=== GIVEN DATA ===

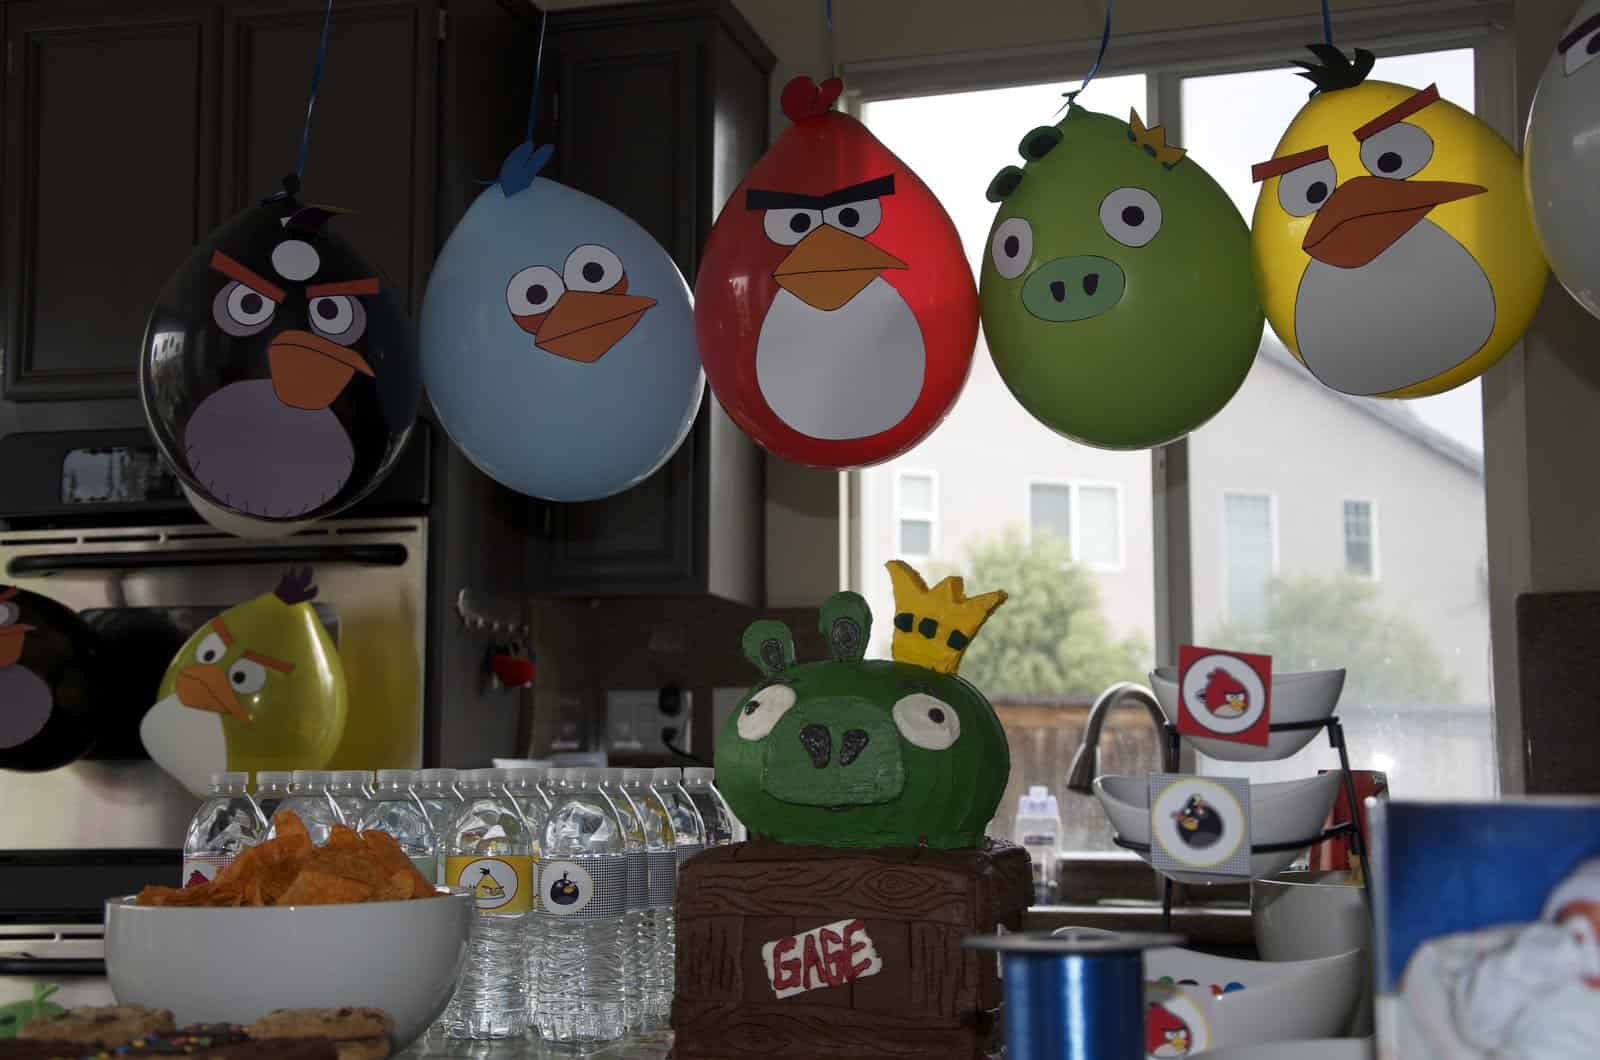 Angry Birds Party Ideas - events to CELEBRATE!
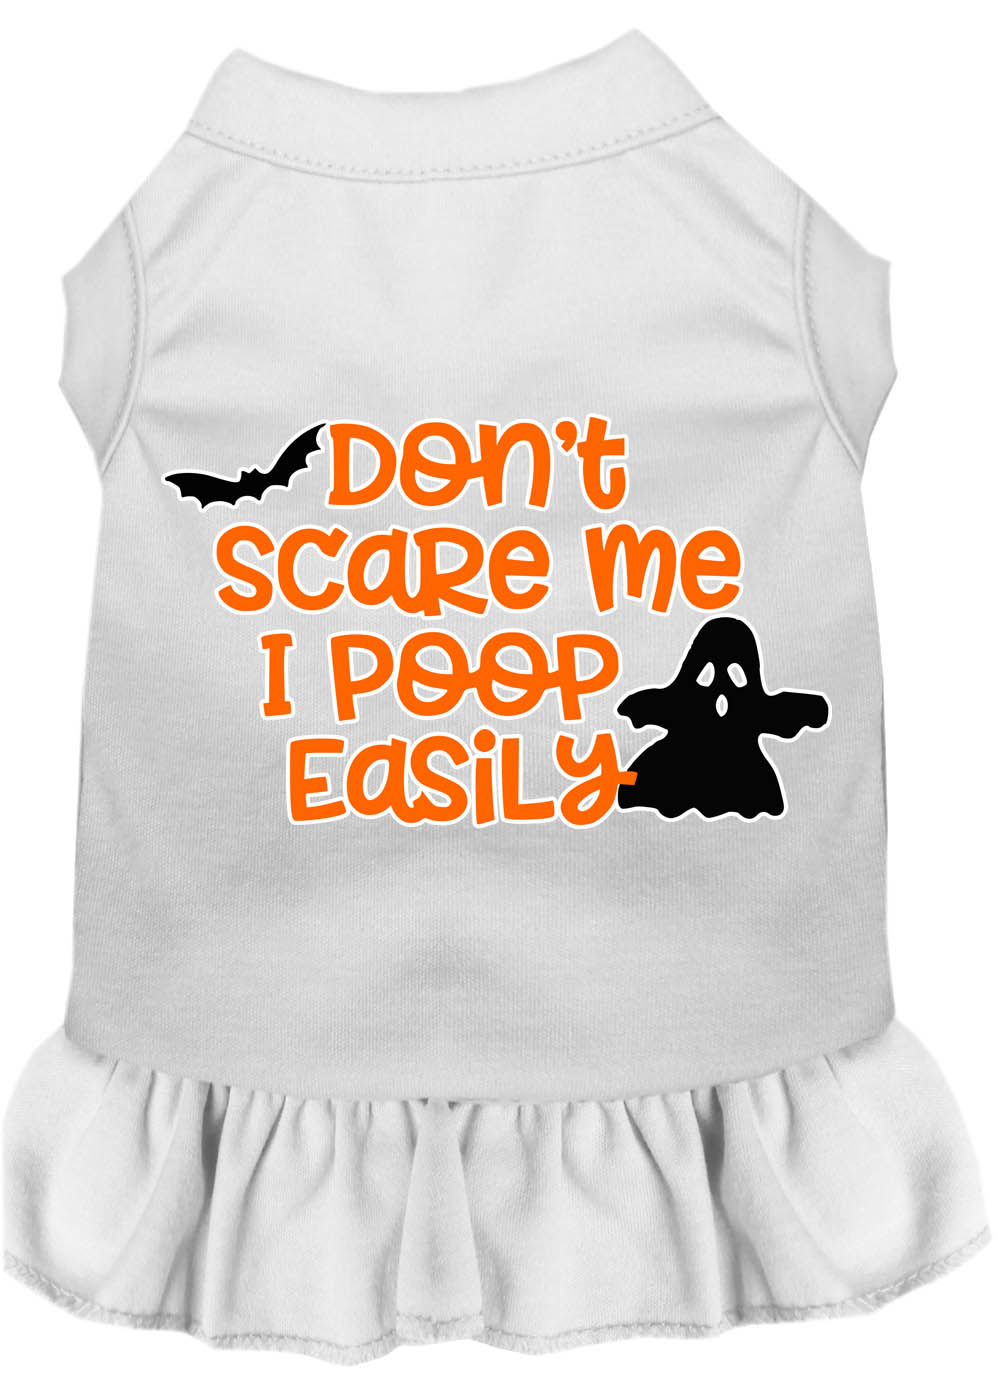 Don't Scare Me, Poops Easily Screen Print Dog Dress White Sm
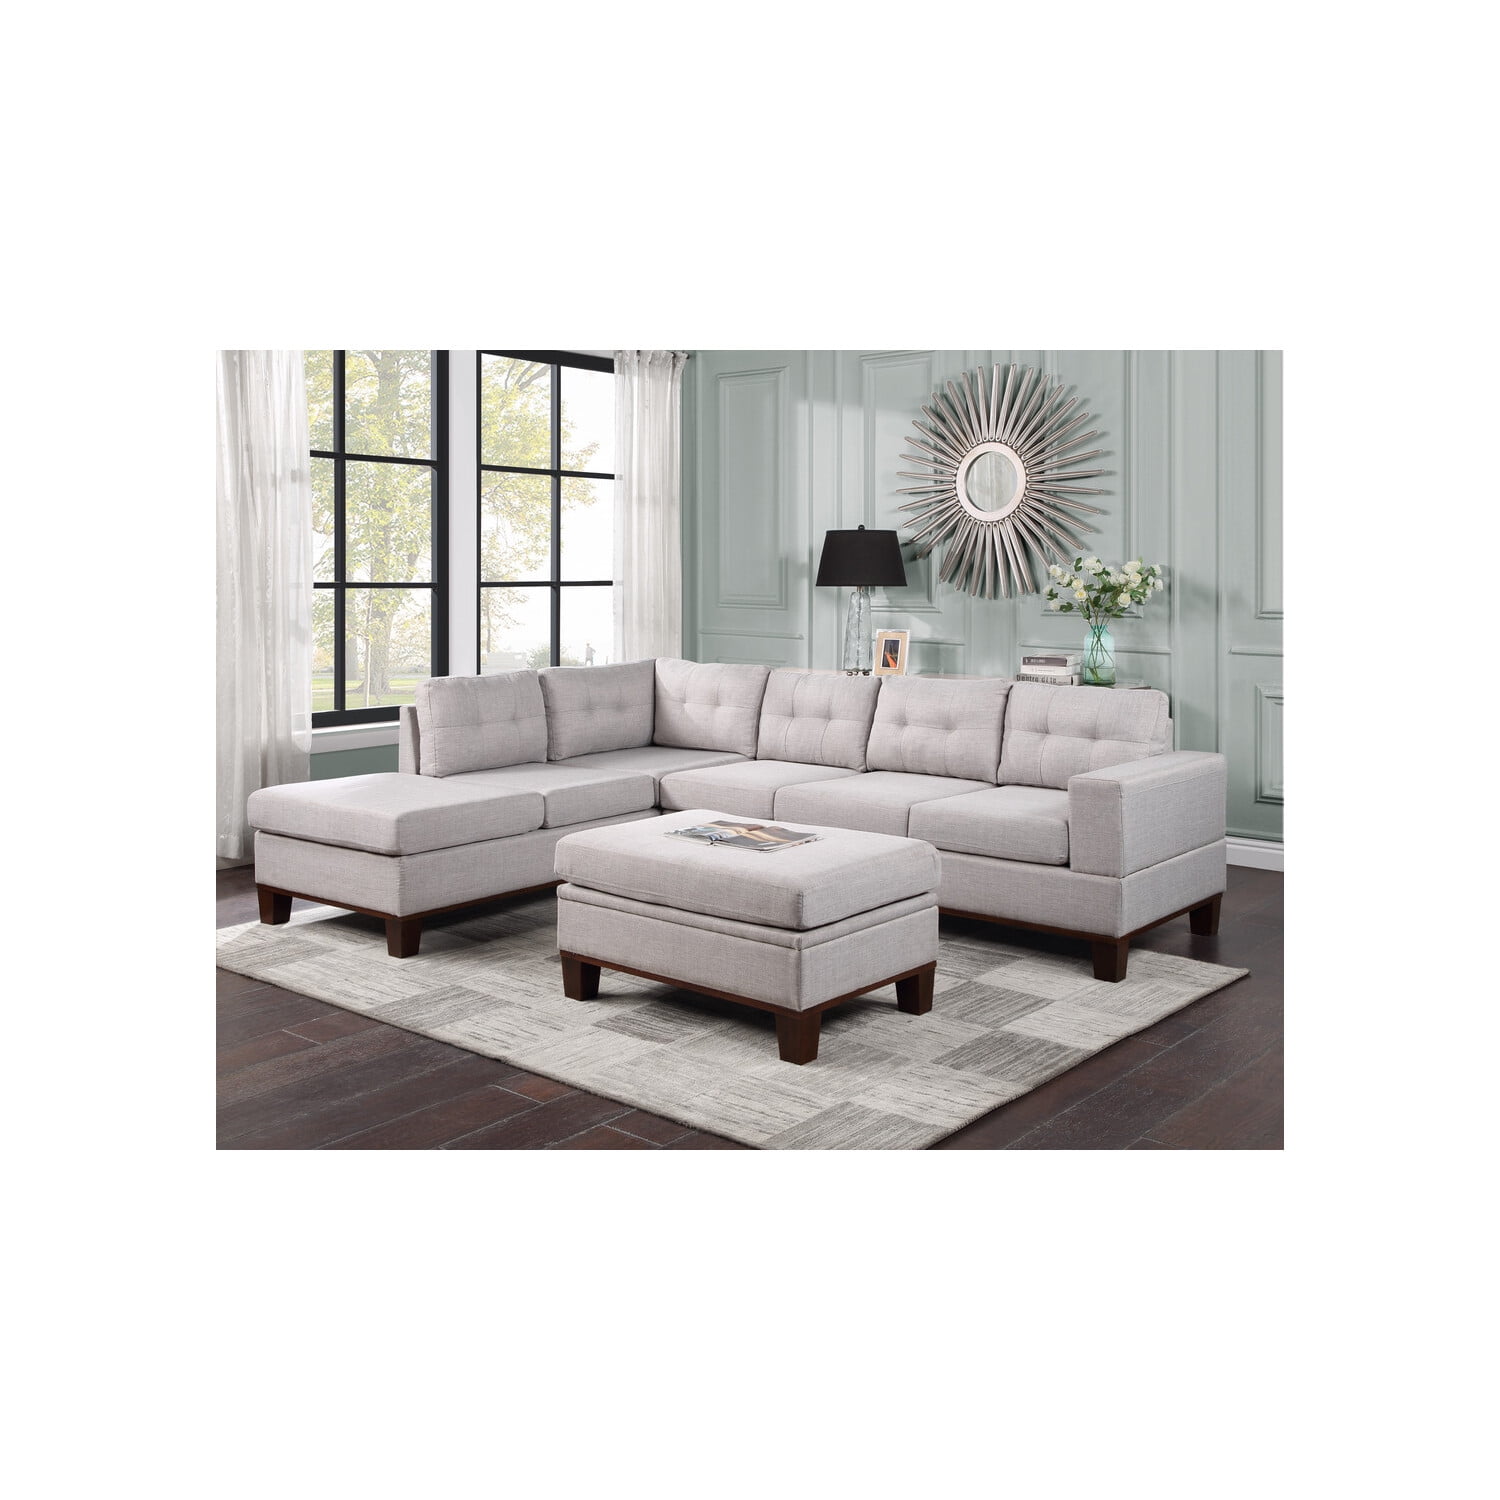 Lilola Home Hilo Fabric Reversible Sectional Sofa with Dropdown Armrest,  Cupholder, and Storage Ottoman

===

Pictures excluded, quote all the data above exactly.

 Angry Birds Party Ideas - events to CELEBRATE!
 Don't Scare Me, Poops Easily Screen Print Dog Dress White Sm
 Lilola Home Hilo Fabric Reversible Sectional Sofa with Dropdown Armrest,  Cupholder, and Storage Ottoman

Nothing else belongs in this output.